* _How to complete this task_
What you return should match every record exactly, with the images removed.
=== Begin Enclosure ===
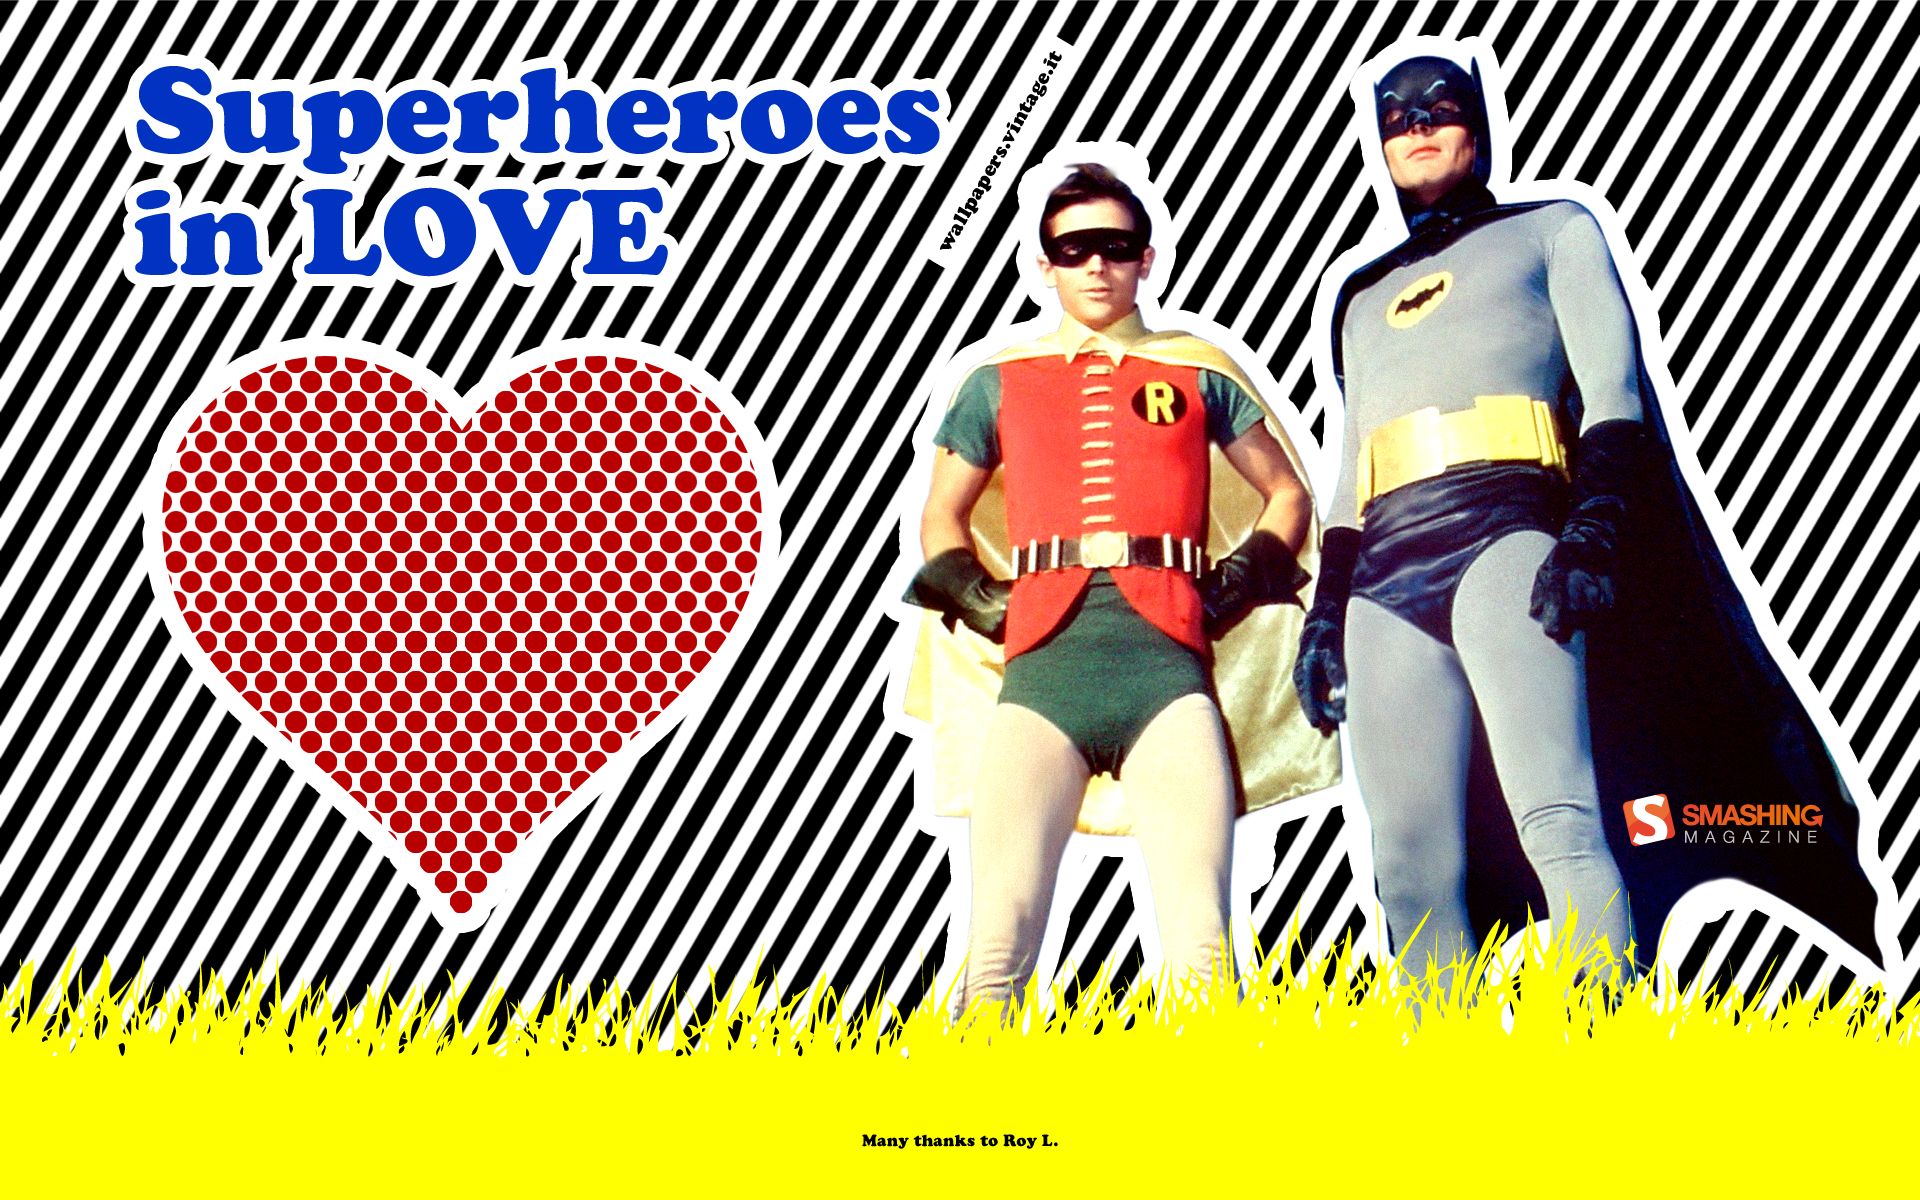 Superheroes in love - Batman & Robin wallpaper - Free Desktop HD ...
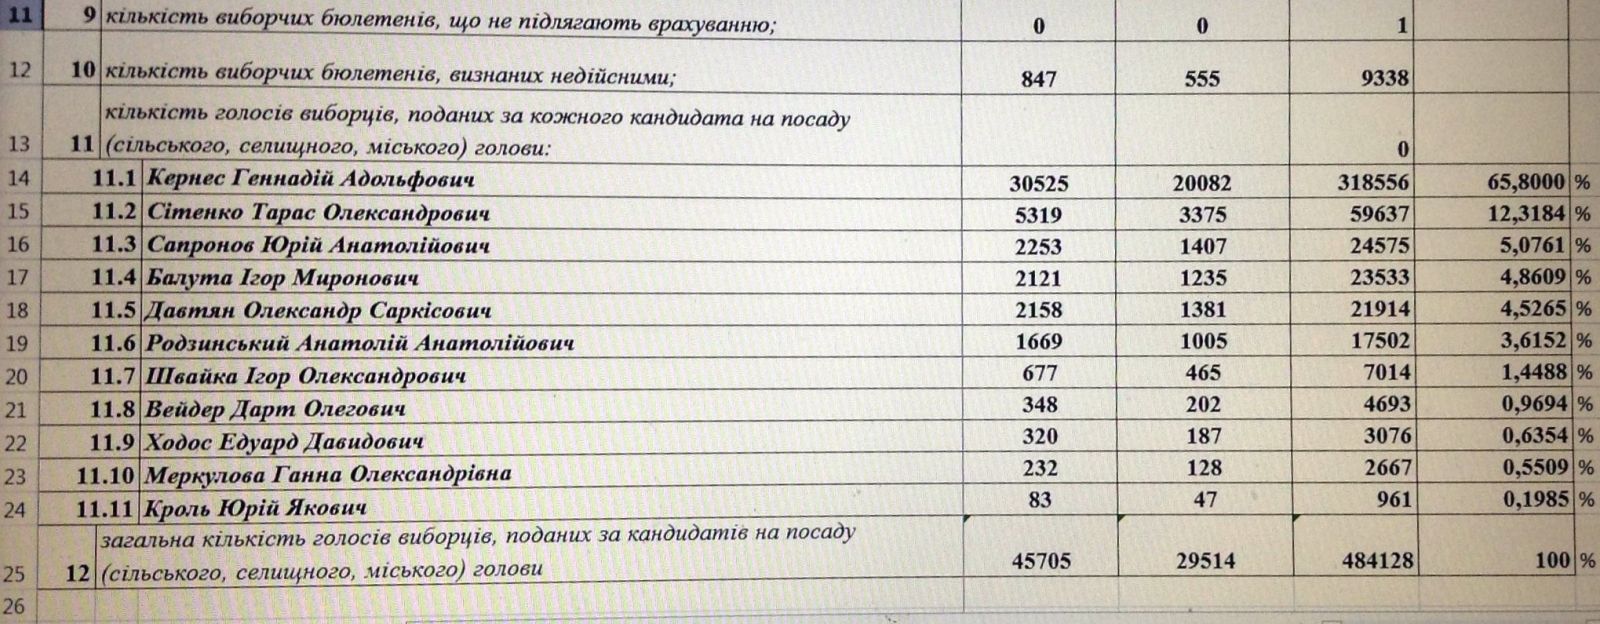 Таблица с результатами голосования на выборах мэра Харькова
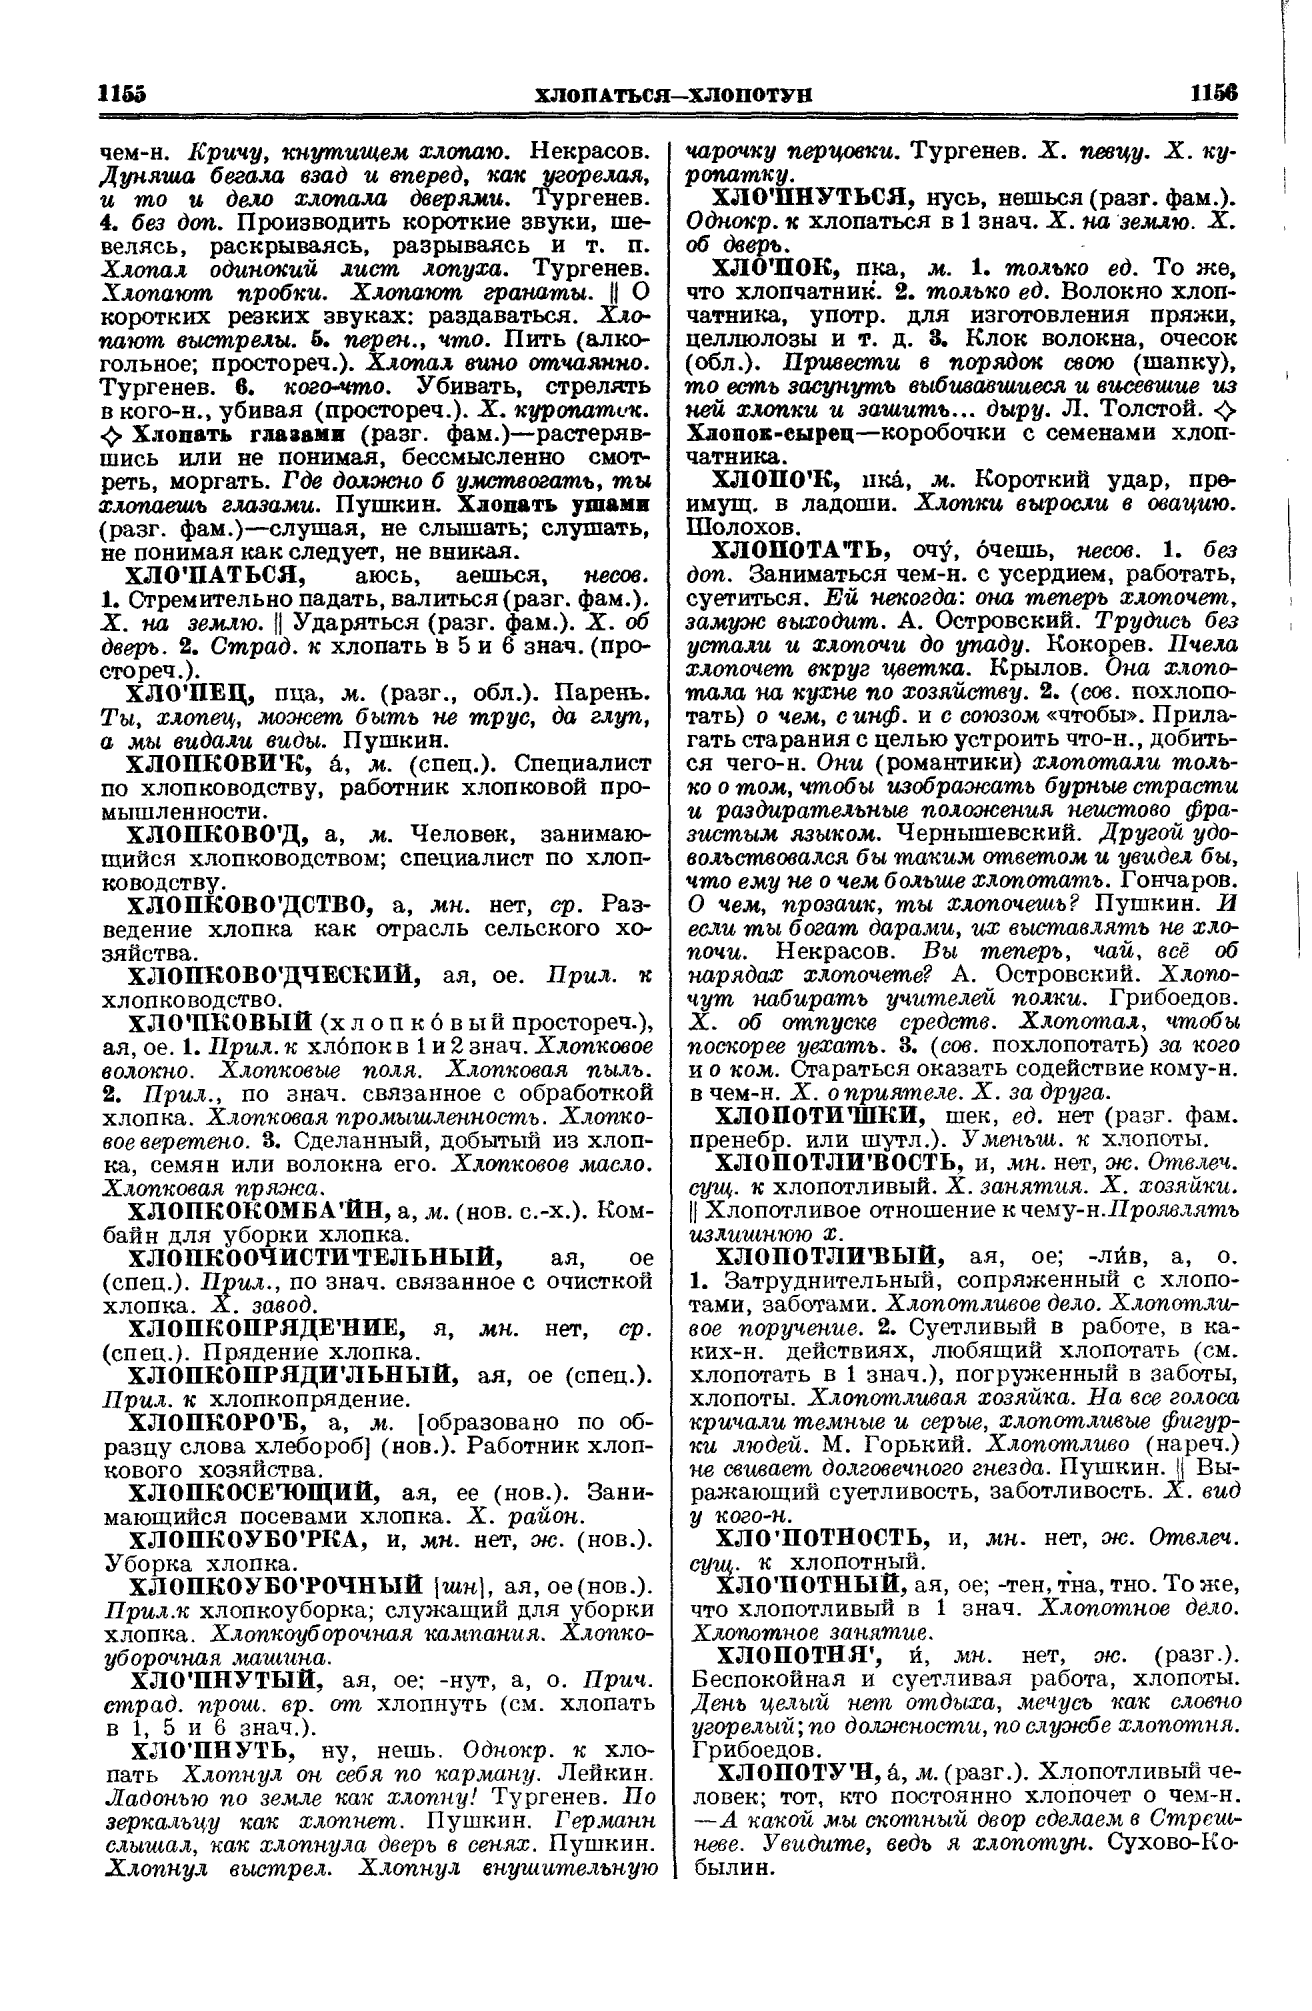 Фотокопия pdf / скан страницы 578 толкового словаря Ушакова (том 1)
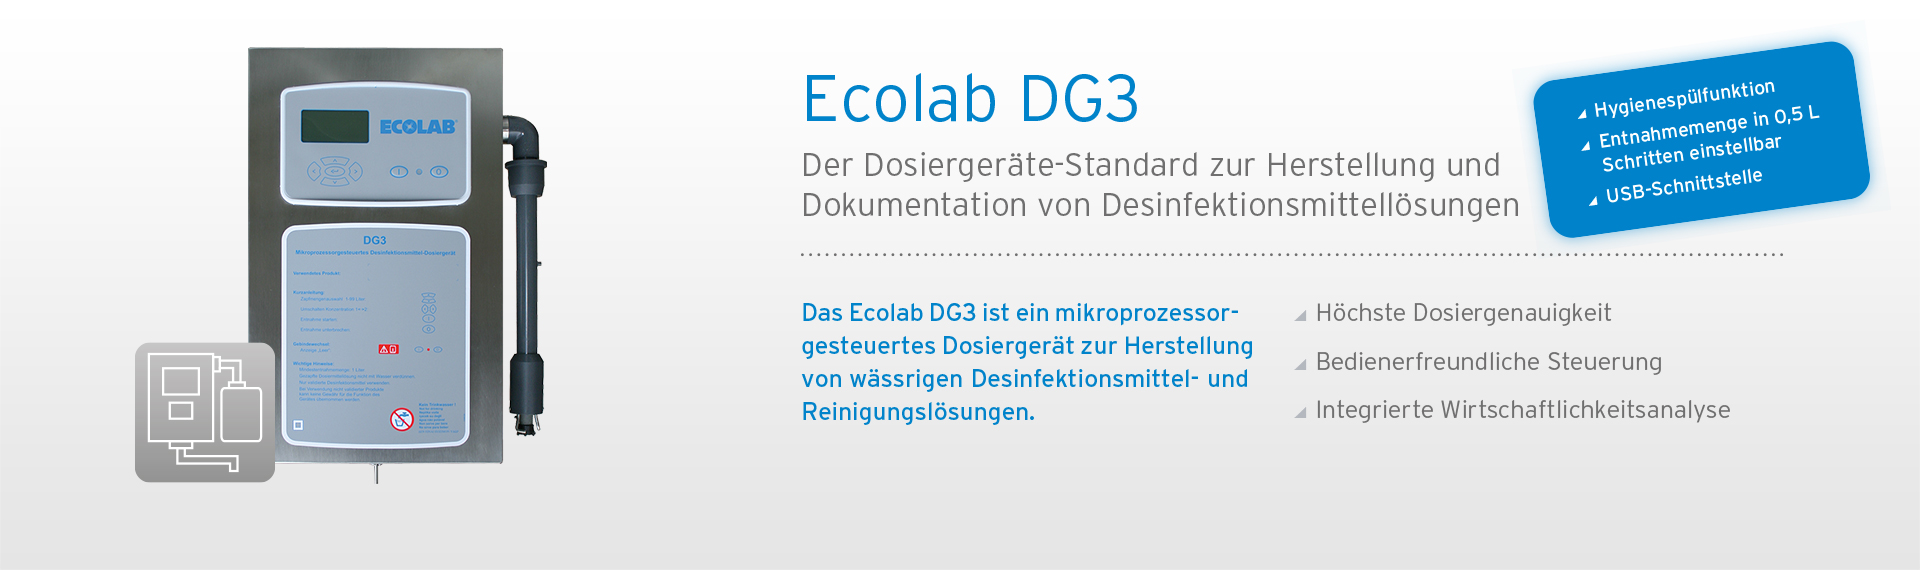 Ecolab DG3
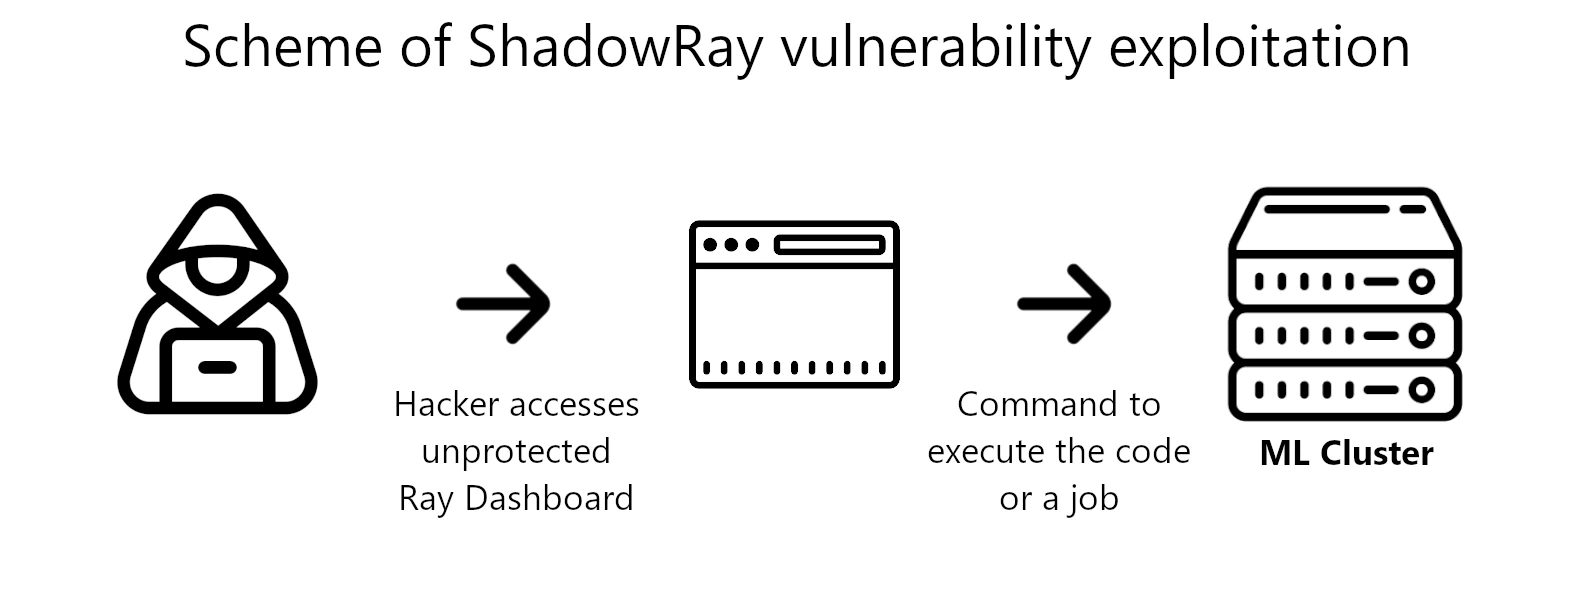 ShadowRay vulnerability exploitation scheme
=== End Enclosure ===
* _Solution for this task_
 Superheroes in love - Batman & Robin wallpaper - Free Desktop HD ...
 Таблица с результатами голосования на выборах мэра Харькова
 Фотокопия pdf / скан страницы 578 толкового словаря Ушакова (том 1)
 Ecolab DG3
 ShadowRay vulnerability exploitation scheme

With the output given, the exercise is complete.